**THE PROBLEM**
Would you reproduce each line below exactly, leaving every picture out?
COLLECTED MATERIAL below:
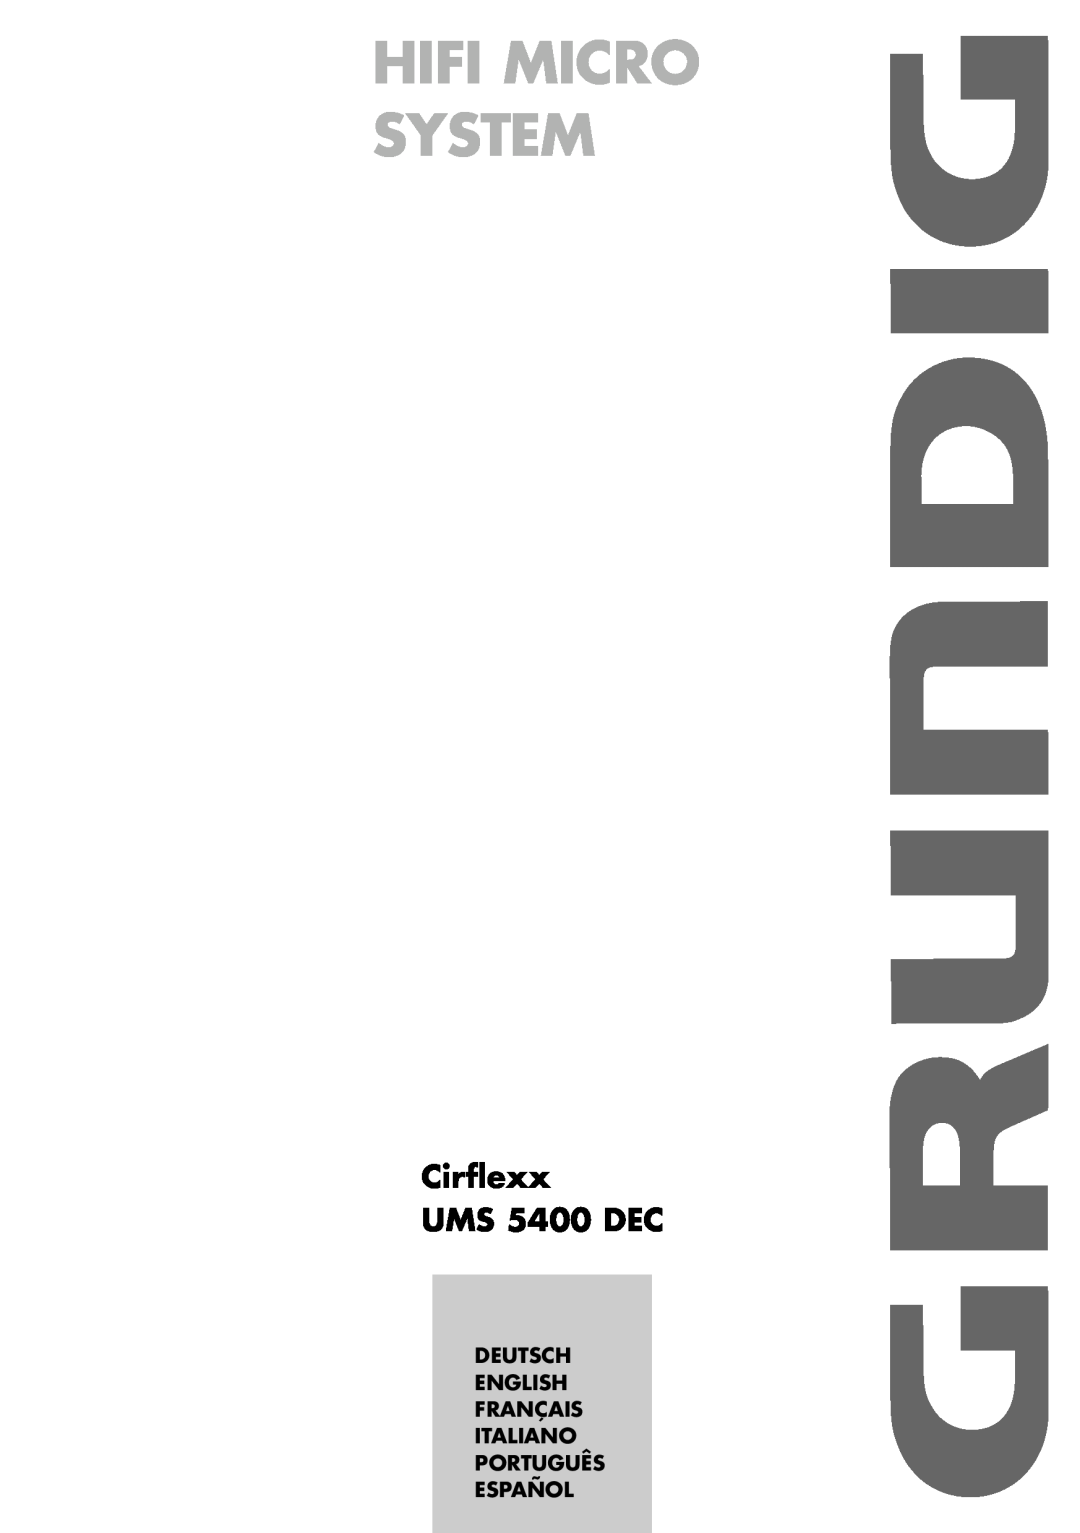 Grundig cirflexx UMS 5400 DEC manual Deutsch English Français Italiano Português, Español, Hifi Micro System 
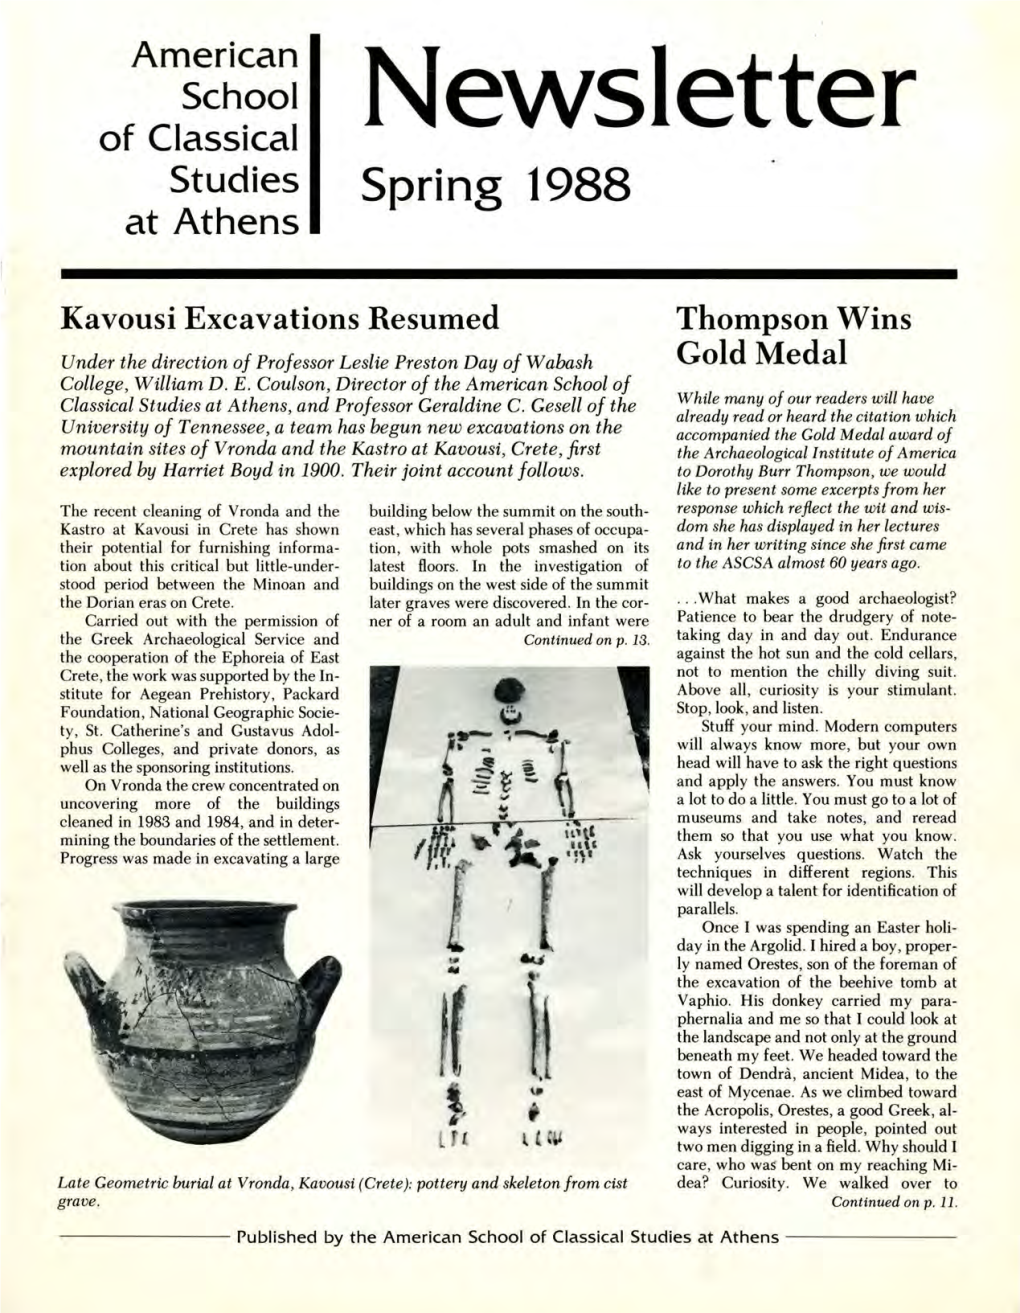 Newsletter Studies Spring 1988 at Athens
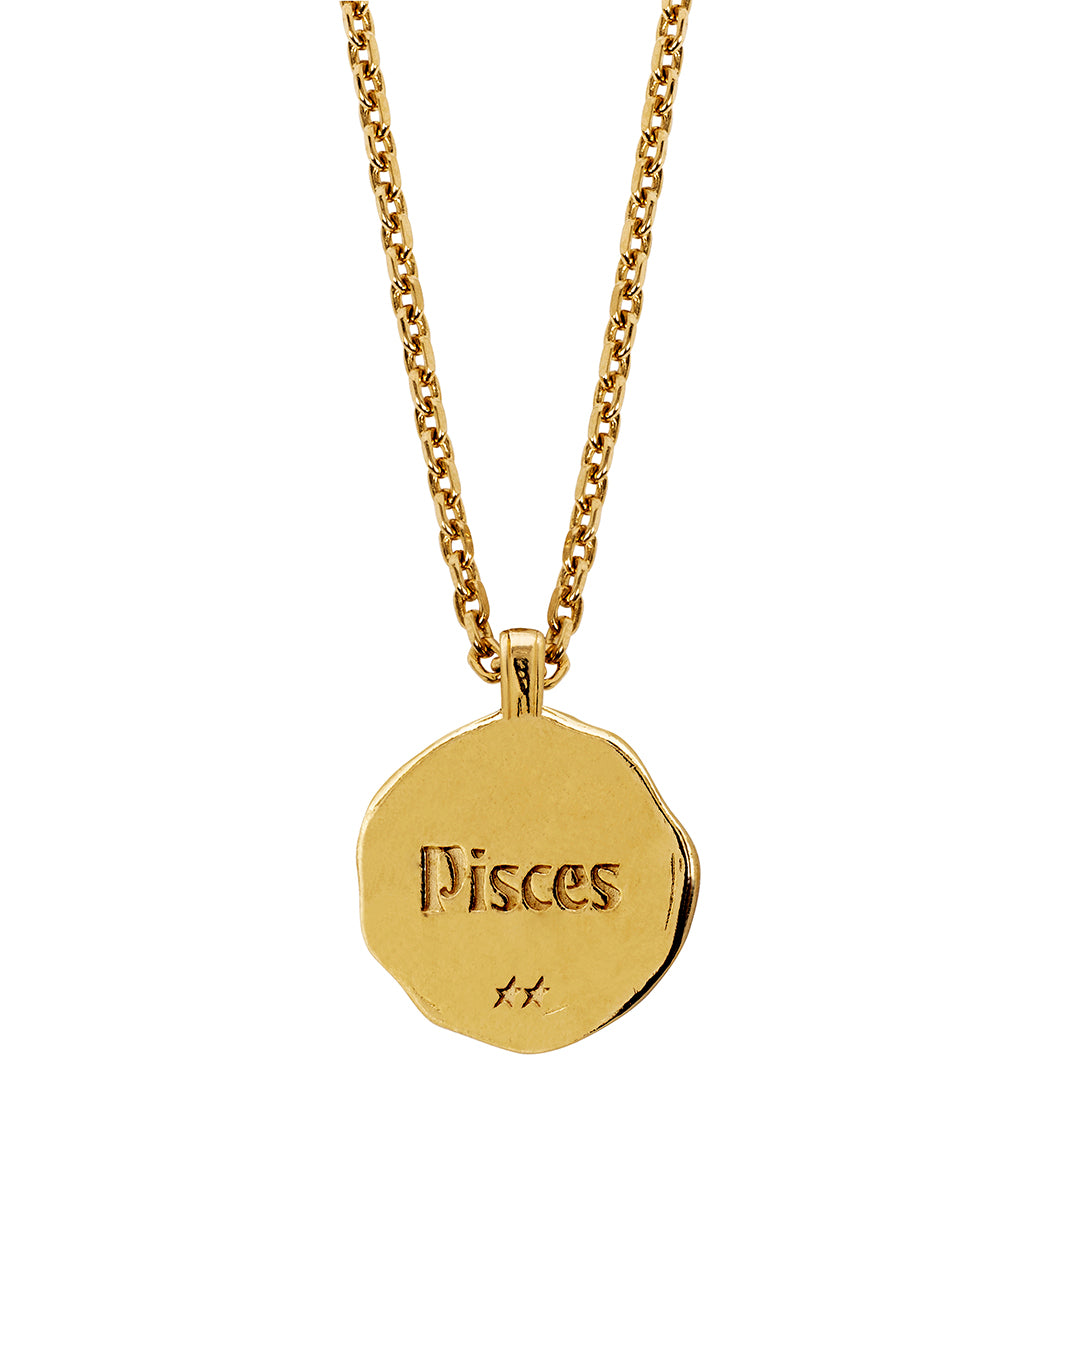 Pisces Necklace Gold
End of COLLECTED MATERIAL.
**ANSWER SPACE**
 Grundig cirflexx UMS 5400 DEC manual Deutsch English Français Italiano Português, Español, Hifi Micro System 
 Newsletter Studies Spring 1988 at Athens
 Pisces Necklace Gold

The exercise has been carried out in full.